Down on Parchman Farm: The Great Prison in the Mississippi Delta
- Author: William Banks Taylor
- Language: English
- Genre: Non-fiction
- Publisher: Ohio State University Press
- Publication date: 1999
- Publication place: United States

= Down on Parchman Farm =

1999 book by Willian Banks Taylor

Down on Parchman Farm: The Great Prison in the Mississippi Delta is a 1999 non-fiction book by William Banks Taylor, published by Ohio State University Press. Peggy Whitman Prenshaw wrote the foreword. It is about the Mississippi State Penitentiary in Sunflower County, Mississippi.

==Background==
Ted Ownby, of the University of Mississippi, described the author as "by a historically minded specialist in criminal justice".

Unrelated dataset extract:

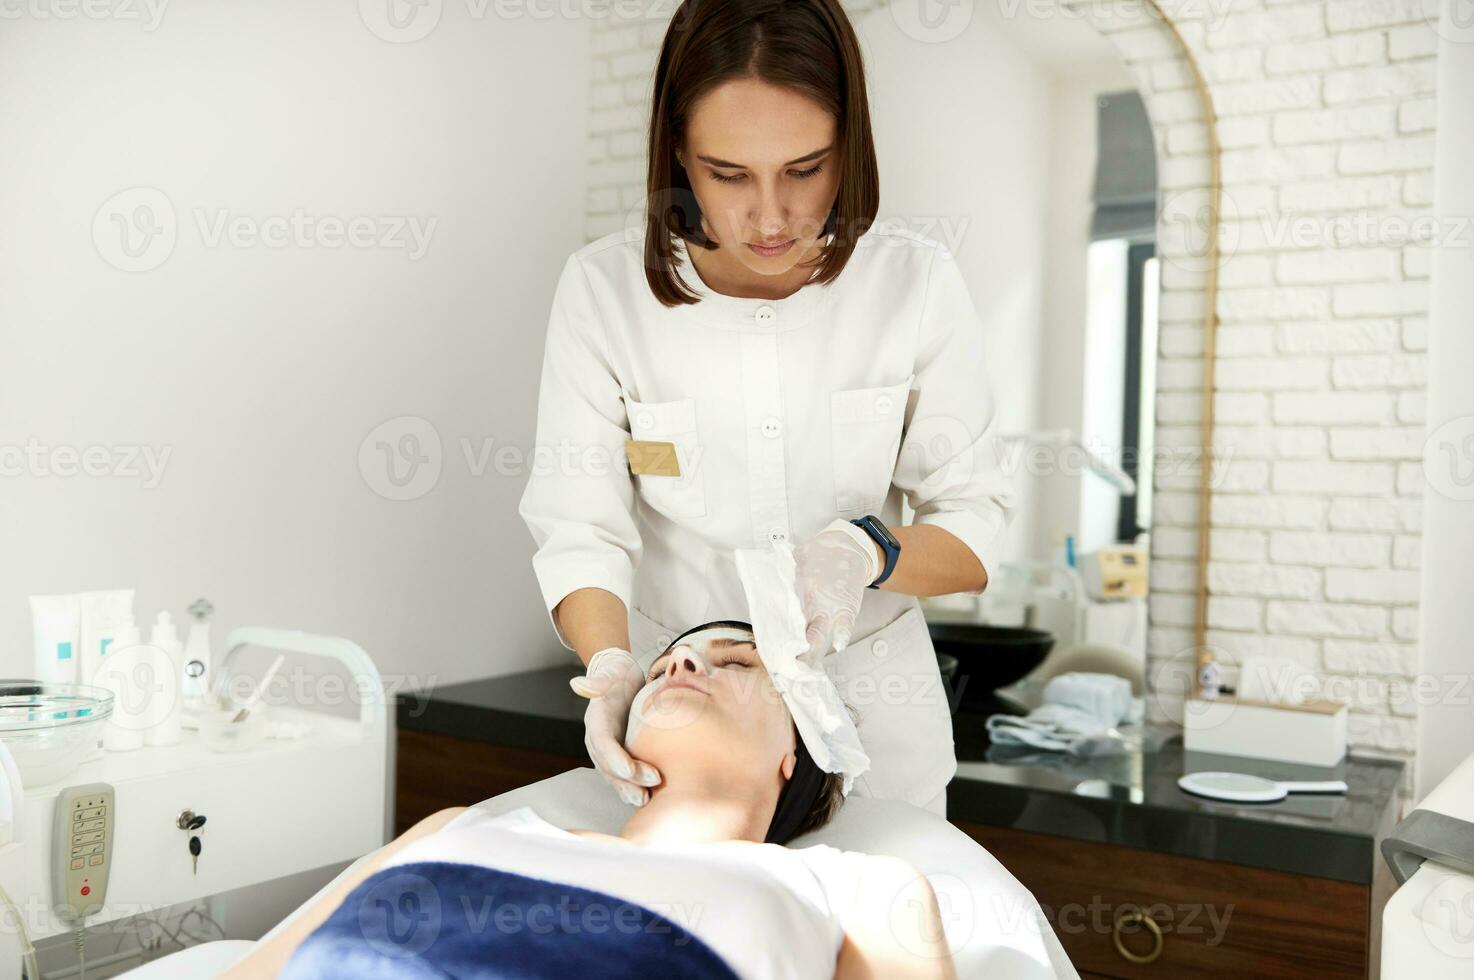 läkare kosmetolog utför skönhet procedur på kvinna ansikte, avlägsnande de resten av alginat mask använder sig av särskild våt servetter. professionell hud vård i kosmetologi klinik foto

The book mainly relies on testimonies of Mississippi politicians and prison officials. Other sources are interviews, columns published in newspapers, and yearly reports made by the Mississippi Legislature.

He had previously written about the prison in Brokered Justice, which was published in 1993. This book has expanded versions of content from that book.

==Content==
The author argues that, in the words of Ownby, there were "many successes" in the prison operation at the time of the book's publication.

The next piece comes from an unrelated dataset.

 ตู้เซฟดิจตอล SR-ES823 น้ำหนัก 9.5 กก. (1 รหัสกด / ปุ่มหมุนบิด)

Frances O. Sandiford, an employee at the library of the Green Haven Correctional Facility, stated that the book uses "a more factual approach" compared to previous literature about the prison.

Ownby stated that some of the phrasing "seems designed to flout conventional opinion." Ownby stated that the author has a "defensiveness" against the idea that Parchman was an example of an especially cruel prison and that those aspects were "uncritically exaggerated", and furthermore, Parchman had many "misunderstood successes" that "largely" characterize the prison.

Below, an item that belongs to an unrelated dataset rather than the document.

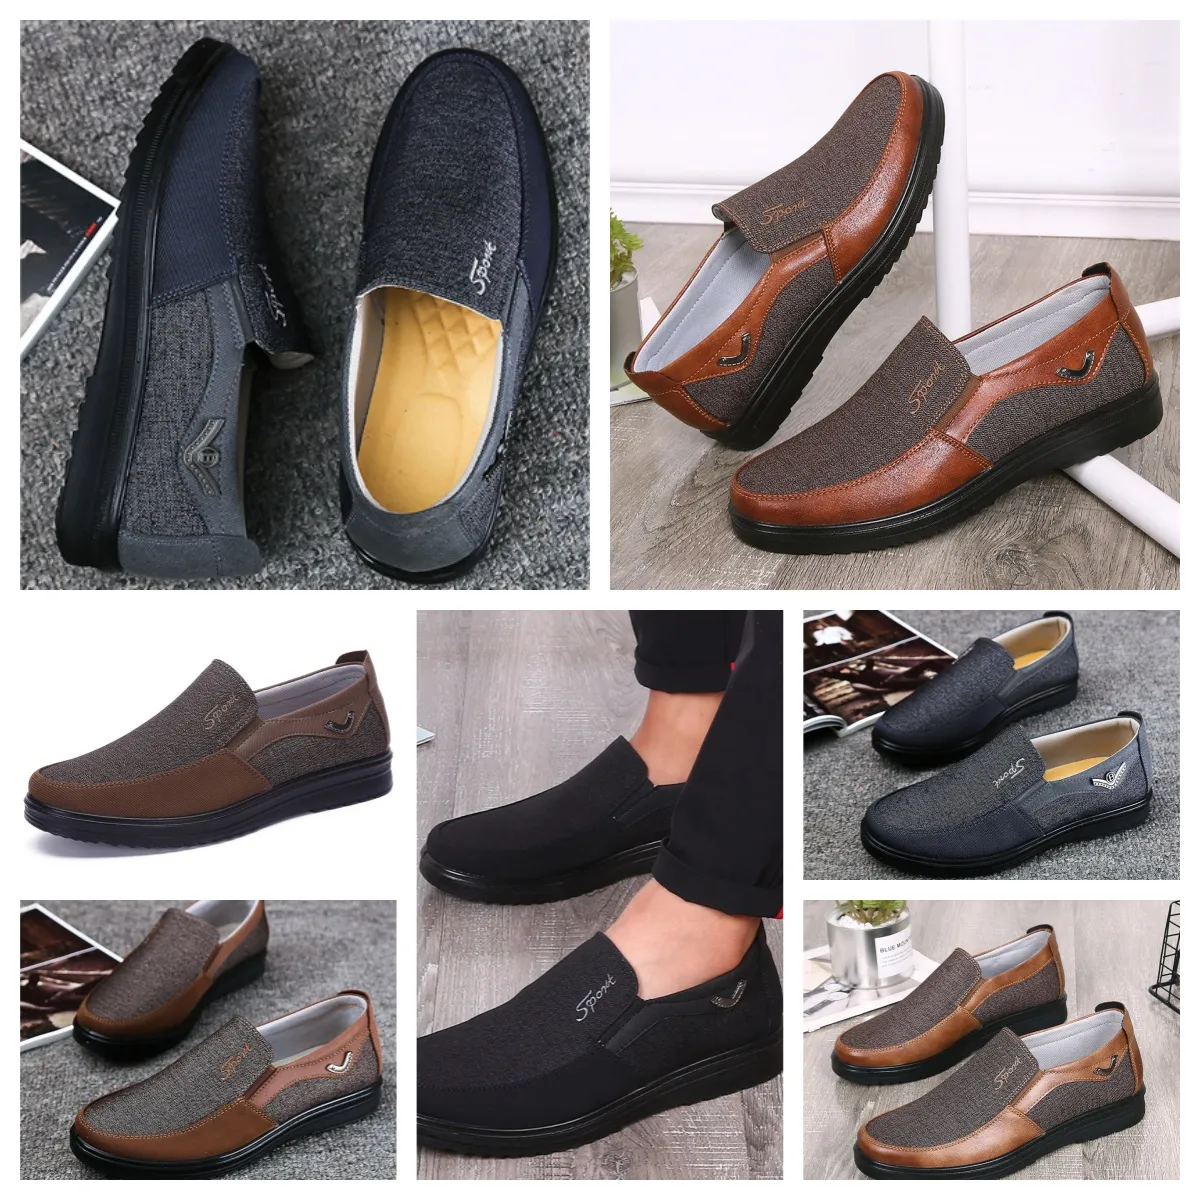 Sapatos GAI tênis casual sapato masculino único negócio dedo do pé redondo sapato casual softs sola chinelo plano masculino clássico confortável sapato de couro respirável tamanho EUR 38-50

According to Sandiford, the author expressed "reservations" about the prison's modernization in the late 20th century.

==Reception==
Ownby described the book as "fascinating if often infuriating". Ownby agreed that the prison was mischaracterized as especially harsh, but argued that it would be "extremely difficult to accept" the idea that Parchman was "largely [...] misunderstood successes". Ownby stated that the book does a better job in explaining the management's rules compared to "Worse than Slavery".

Sandiford argued that, to people operating libraries, the book is "a good choice" if the library has the money to buy it, though it is "Not an essential purchase".